Proteins, the molecular machines within a cell responsible for basic biological functions like maintaining structure and facilitating reactions, are made up of amino acids—a type of organic molecule with a specific domain that allows them to attach to one another like Lego blocks. Like the four bases of DNA which are common to all organisms on Earth, scientists have discovered twenty different amino acids, each with varying properties that allow for specific protein functions, that are conserved across all organisms, whether they are archaea, bacteria, or eukaryotes—the three domains of life. 

Recently, scientists have also discovered two other amino acids used by organisms to assemble proteins: selenocysteine and pyrrolysine. In a study published in the Journal of Biological Chemistry, a group of Yale researchers outlined a new family of enzymes that allows cells to integrate the latter amino acid into proteins.
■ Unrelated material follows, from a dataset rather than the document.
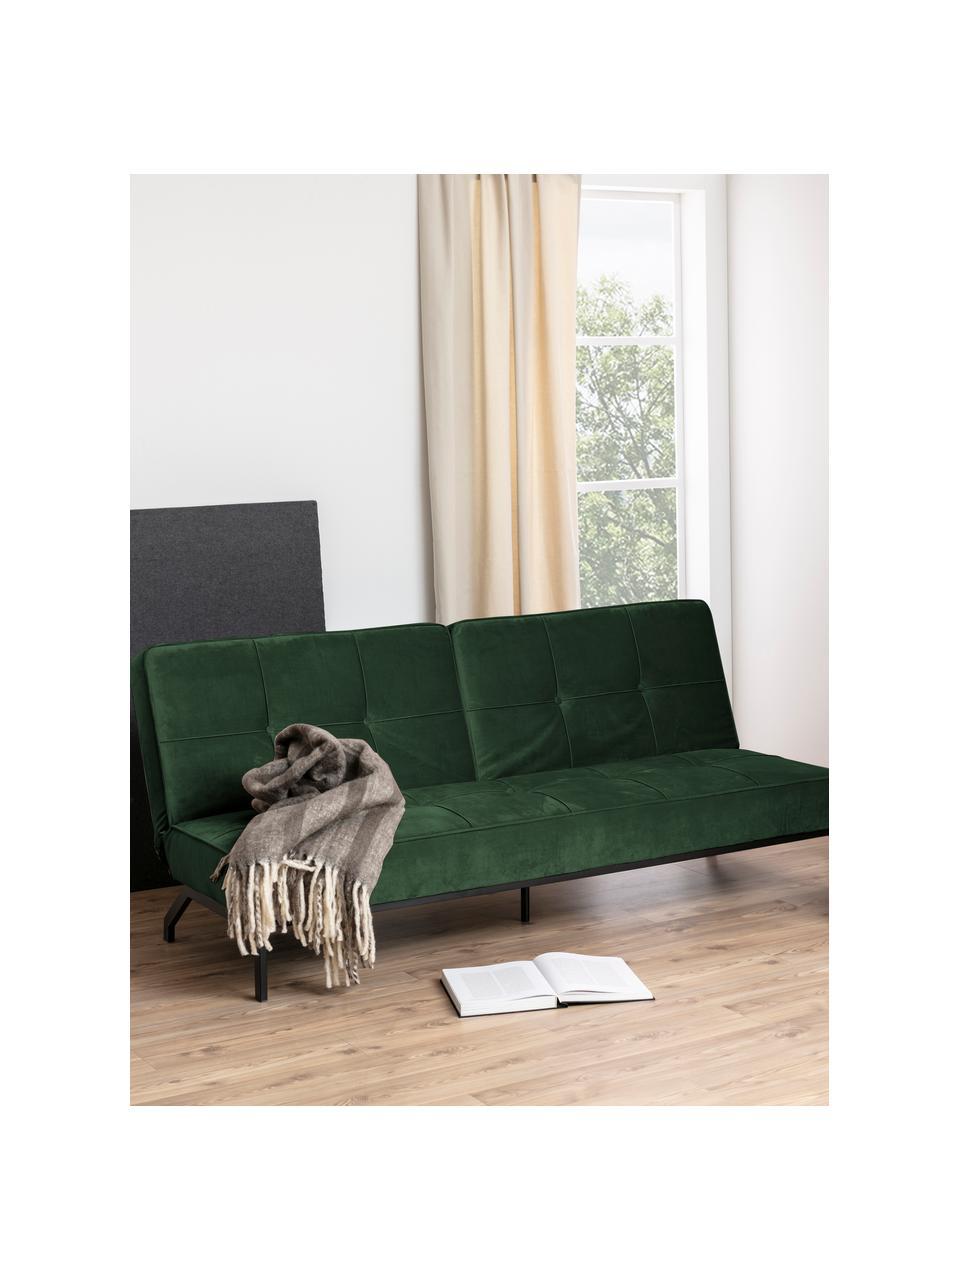 Sofa z funkcją spania z aksamitu z metalowymi nogami Perugia, Tapicerka: poliester Dzięki tkaninie, Nogi: metal lakierowany, Aksamitny zielony, S 198 x G 95 cm

The authors were also able to pinpoint the time in evolutionary history in which the two families diverged, which they estimated to be before the three domains of life even emerged. 

“It’s quite amazing that cells can do so much with just twenty amino acids; by adding unnatural amino acids, we can expand the functions that proteins can have,” said Jeffery Tharp, the lead author of the study and a professor at the Indiana University School of Medicine. Studying the machinery cells use to add these noncanonical amino acids into proteins offers researchers powerful insights into engineering enzymes that can access the unique properties of other unnatural amino acids.